Her nerves were so jangled that she couldn’t think straight. She stopped at a café on Nollendorfplatz, and ordered a coffee. She was aware of a painful and insistent throbbing between her temples. She tried to steady her thoughts, but her headache was a distraction. Why hadn’t the Gestapo just arrested her? Why send that letter? It made absolutely no sense at all. There was some stratagem at work here, but what? If only she could talk to Kai-Olaf, ask his advice. She missed him more than ever. He would have been able to think things out logically, and find a way out of her predicament. She sipped her coffee, but it tasted bitter.
29.
Alyosha felt like a free man now that he was no longer at Captain Malinowski’s beck and call, and he walked with a lighter step.

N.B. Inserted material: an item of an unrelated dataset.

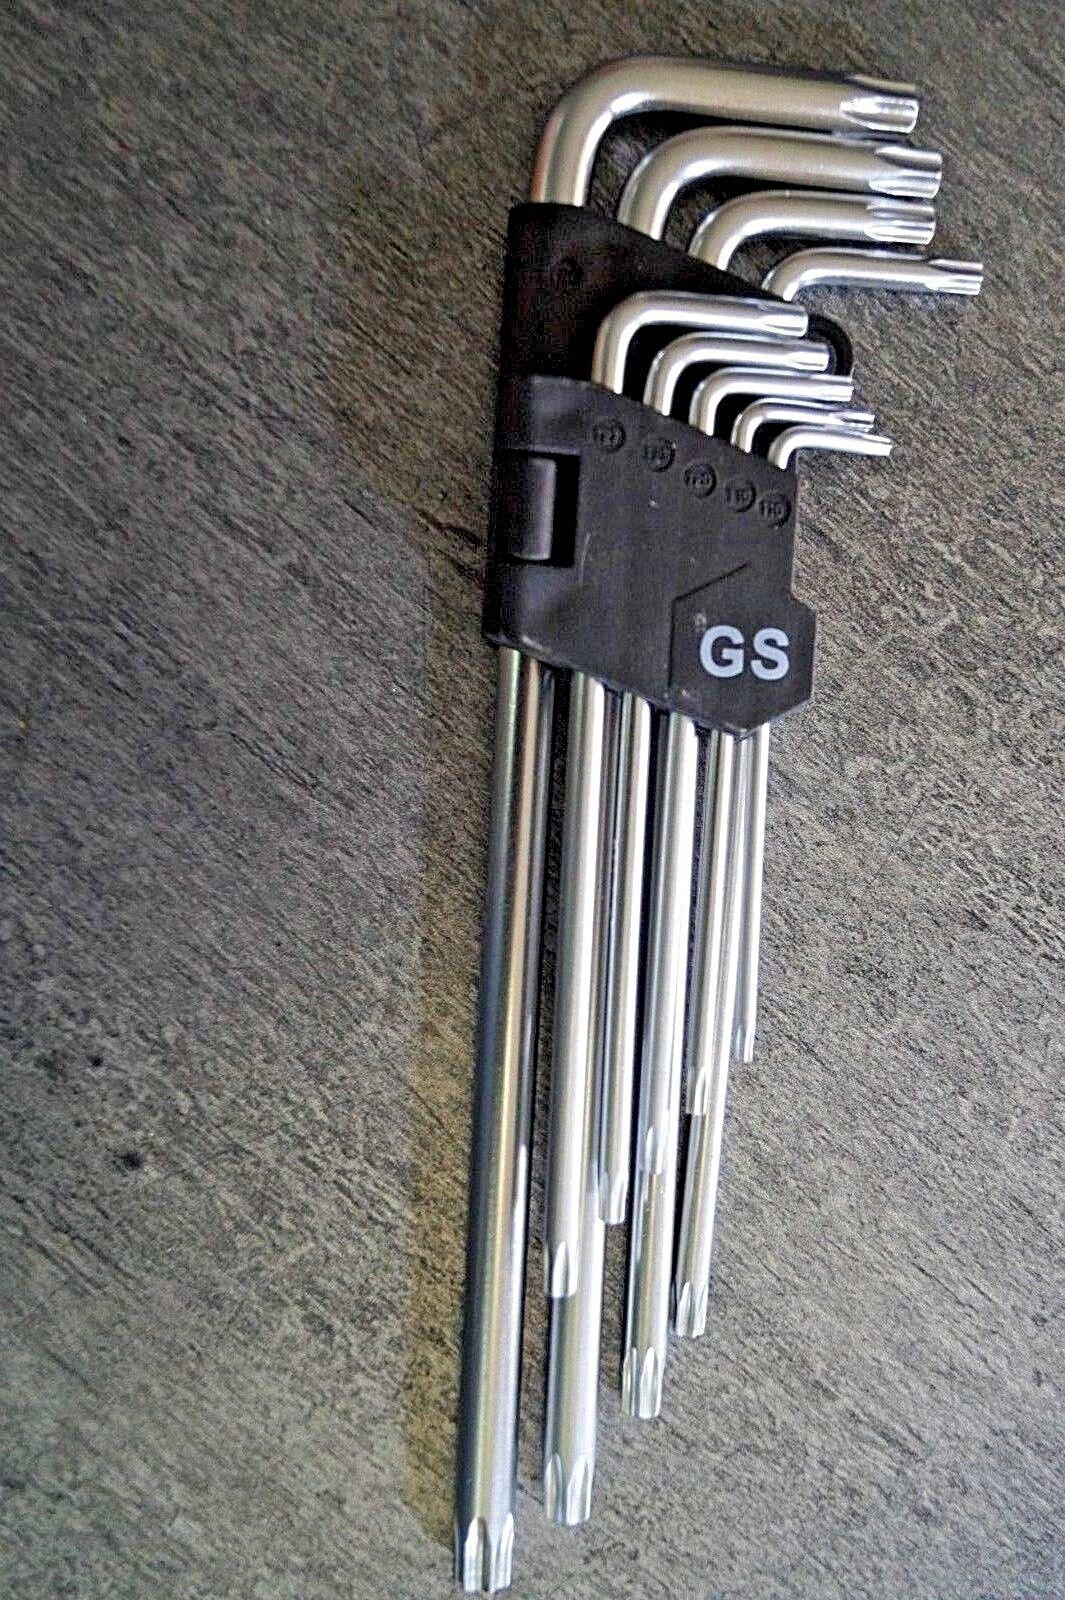 9 x Torx Winkelschlüssel CrV T10 - T50 lang Steckschlüssel Satz Schraubendreher

Life went on as before, though he was now a kept man. Ludwika even hired a car, and they took trips out of the city into the countryside. They had started to discuss their future together, but Alyosha still felt that Ludwika only half belonged to him. She spent some of her time with her own people without him, reporting that Baroness Kosub, Colonel Flezar and the rest of the Poles were becoming increasingly anxious about Adolf Hitler’s intentions. The Soviet Union might well have reason to be wary, but Poland, as ever, was like a small child squeezed in a bed between two greedy men. If another war broke out, who knew what the fate of her mother country would be. Poland’s fate was Europe’s fate, as Talleyrand had told Metternich at the Congress of Vienna. Since the Treaty of Versailles, the bone of contention between Germany and Poland was the Danzig corridor, Upper Silesia, Teschen, East Galicia and Vilna. Hitler was eager to claim all this land back, and he was set on punishing Poland for claiming them in the first place.
Prophesising the future of Europe was the last thing on Alyosha’s mind. The only thing of importance to him was a future where two became one: he wanted them to start a new life together in Paris.
‘And Amelia, remember.’
‘Of course, Amelia too.’
In the torpor of the night, with the taste of her flesh still on his tongue, and the noise of the SA wolves drifting in from the street, he would stroke Ludwika’s back, cup her breasts, pull her closer, the sweat in the small of her back damp against his stomach. He’d kiss the nape of her neck, whisper endearments in her ear, and she would mumble something under her breath – something he didn’t catch, but which would comfort him nevertheless.